The other analysts had guesses about that meaningful impact.
"There will be two waves of hesitation in the way this comes together," Buffington said. "There's everything up until the day it closes. And during that time there will be indecision and hesitation by both sets of channels, both sets of customers, so that customers and partners won't know what products to make bets on. Then the second wave of hesitation comes in because of the overlap in technologies. So which technologies are going to lapse, which will come together? How long will it take "DMC" to figure out which products are going to stay? They have to get their story together about two sets of products and two sets of channels, and then they have to recoup customers who jumped ship during that time. They'll have four to six bumpy quarters before things start to settle down."
"I think the real impact will be a lot of smart people from Dell and EMC will leave, start new startups... and we'll see a whole new crop of storage vendors on the market in the next four or five years," Crump said.
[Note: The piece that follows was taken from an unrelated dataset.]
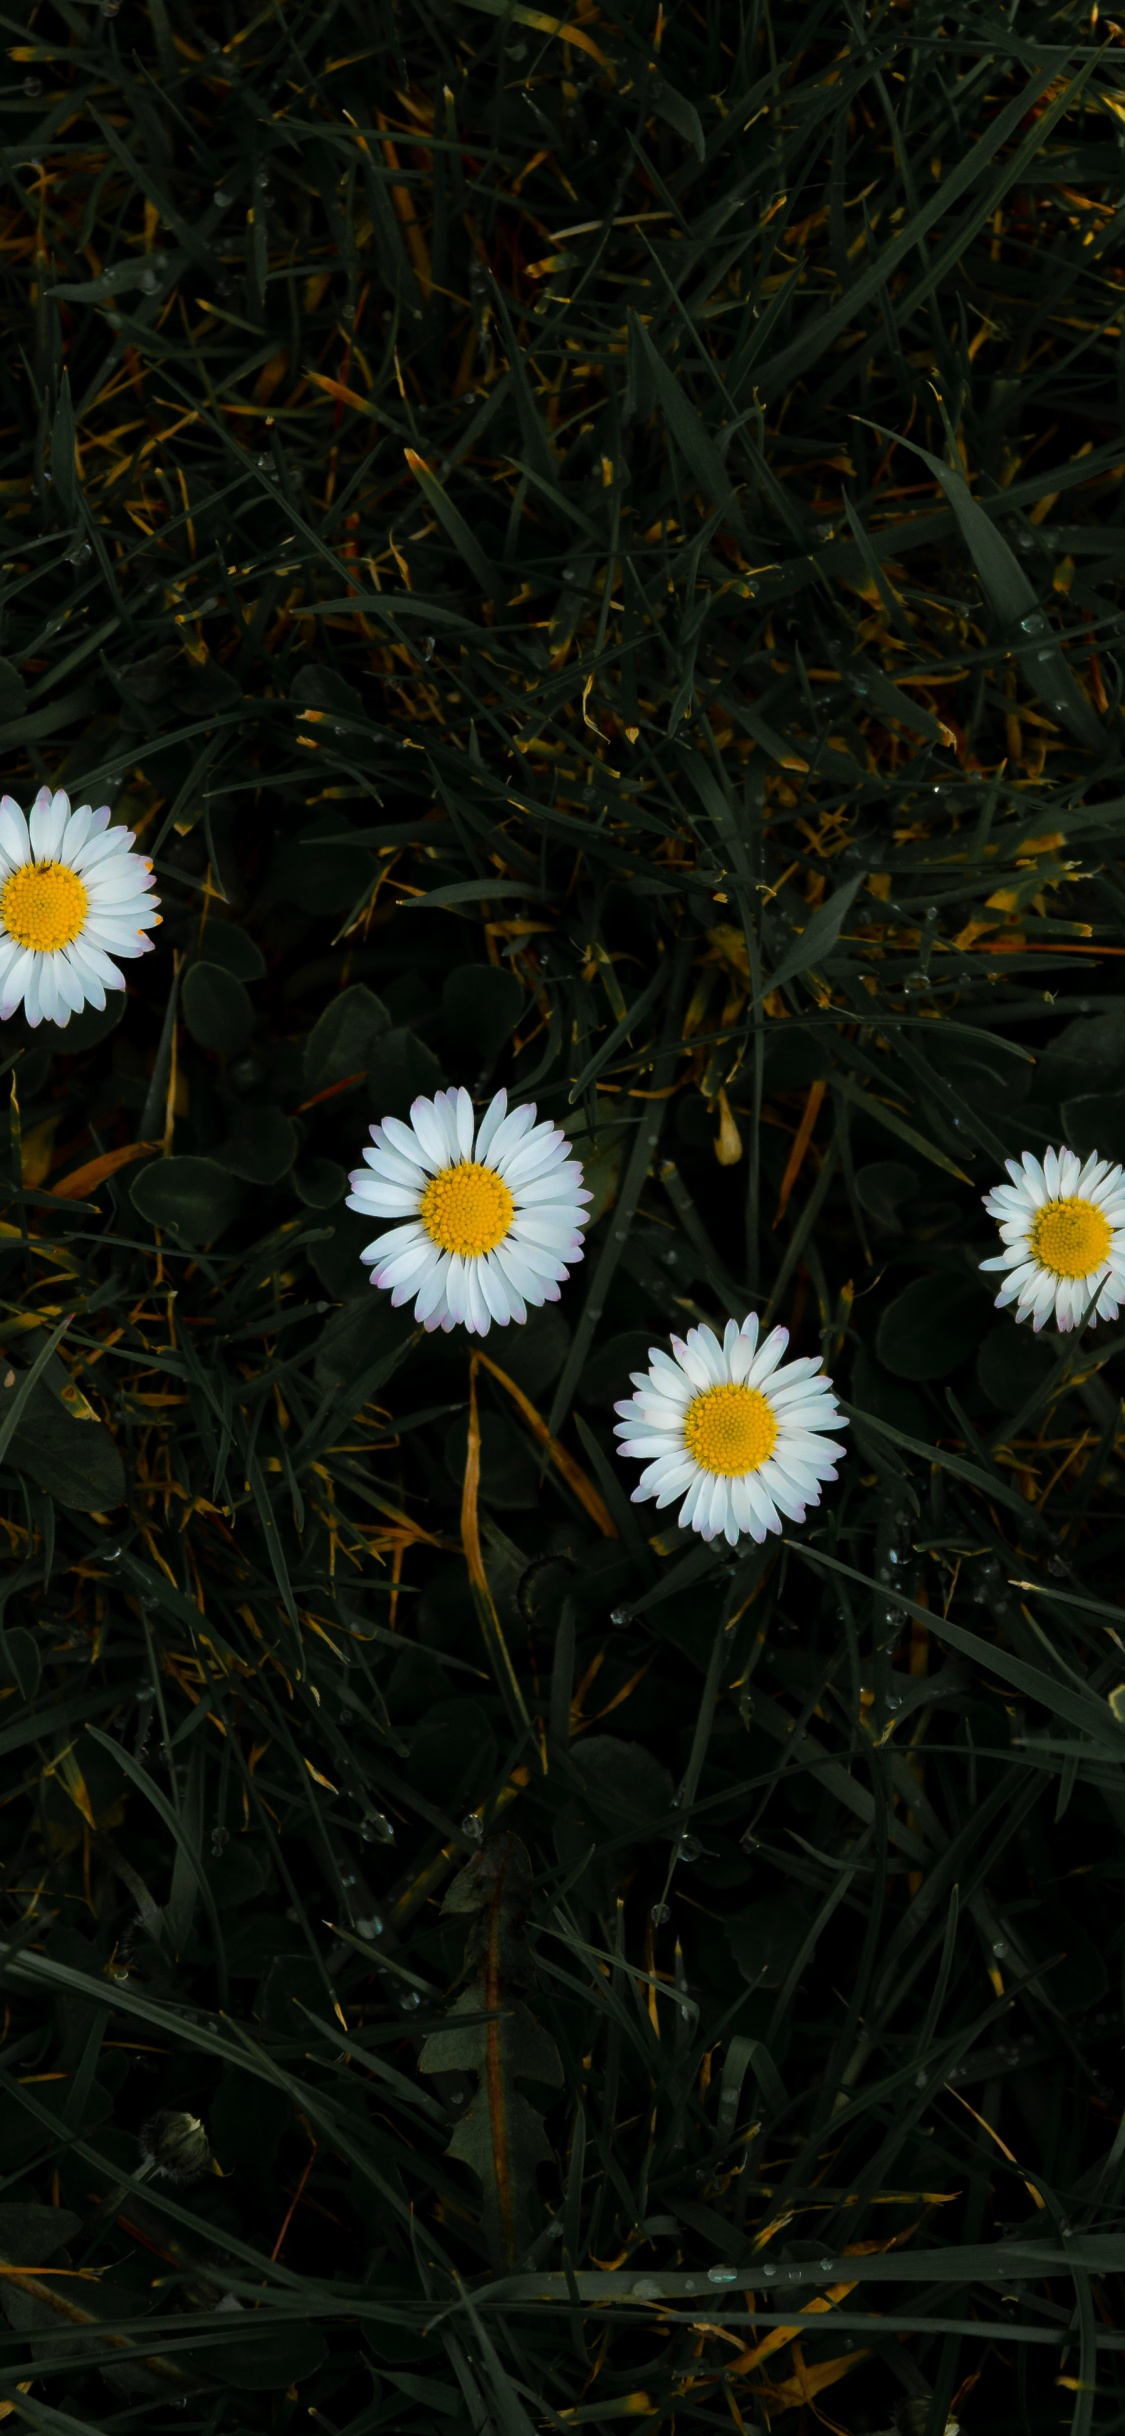 White Daisies in Bloom During Daytime. Wallpaper in 1125x2436 Resolution
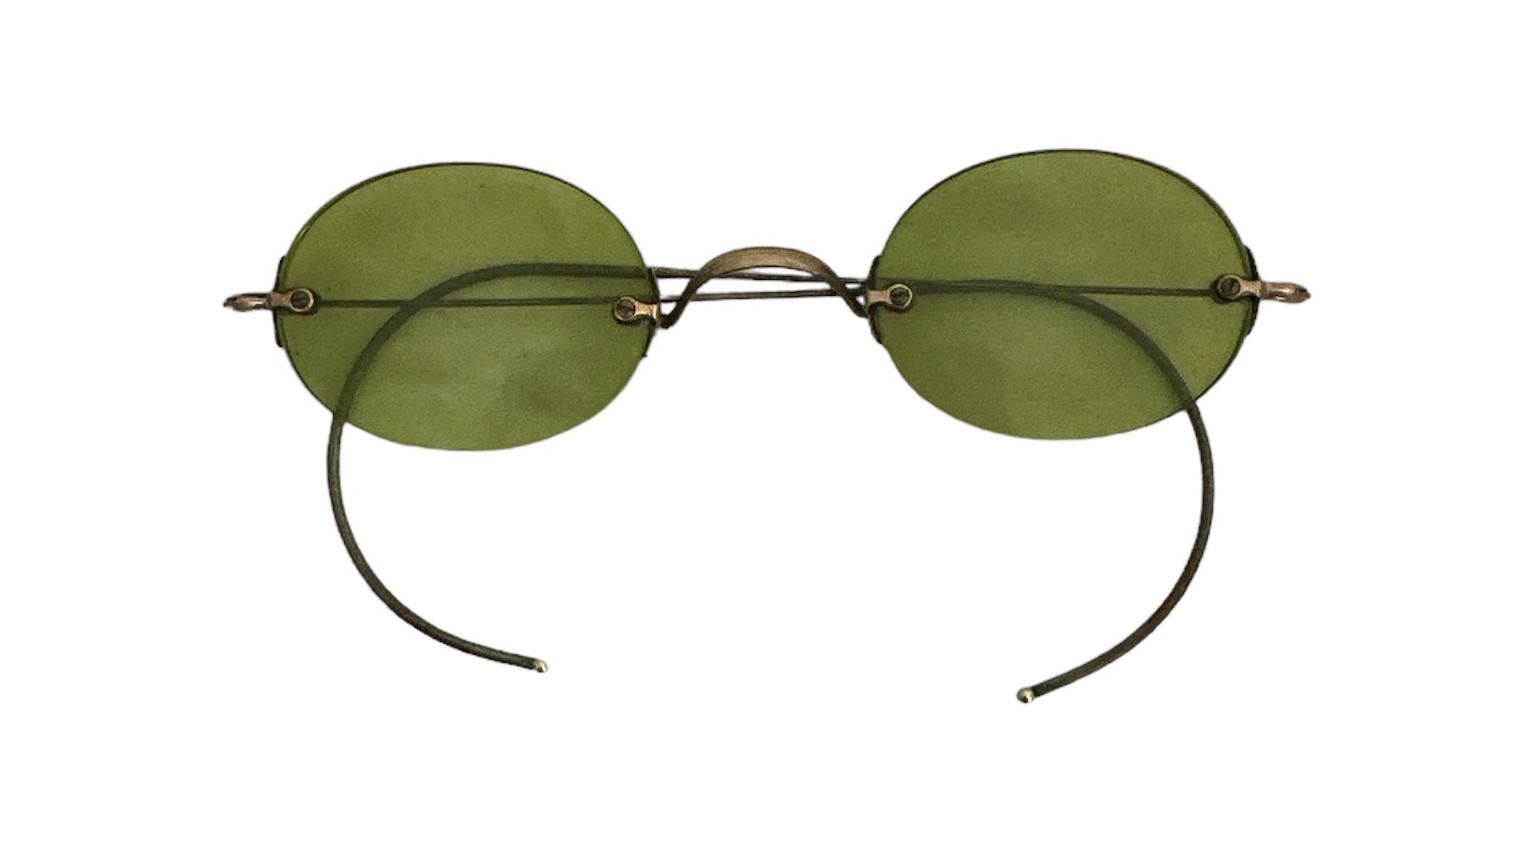 Lawrence & Mayo, antique pair of green tinted glasses / sunglasses in original Lawrence & Mayo case.

"EMC and Dell combined represent 33% of the storage market today," Woo said. "The net result [of the merger] will be loss of market share ... that means more opportunity for emerging vendors."
What about the HP split?
"I'm positive about the split because it does focus HP's businesses in the right places," Woo said. "Sunsetting Helion for instance, will focus them on what they do, and that's infrastructure. Size-wise, HP will be on par with IBM and the Dell-EMC combination. It's going to be an interesting next few years as they compete on much more level playing field and have a more precise focus on what they do."
"The real benefit of the HP split is they no longer have the safety net of the printing division providing them with a cash underpinning," Staimer said. "If they screw up in storage or servers or whatever, they can hide it now. They can't do that anymore [after the split]. Basically they've got to make it now as an enterprise company. They didn't have to do that before. Which is why things like their cloud offering -- Helion -- is gone because it was a non-money maker. I don't know if they're going to succeed but you can expect they will be more customer-oriented and there will be change."
"This is an opportunity for HP to decide what they want to be when they grow up," Buffington said. "This is an opportunity for them to redefine themselves under a new brand."
"The split doesn't change culture," Crump said. "Now you have two companies with two bad cultures."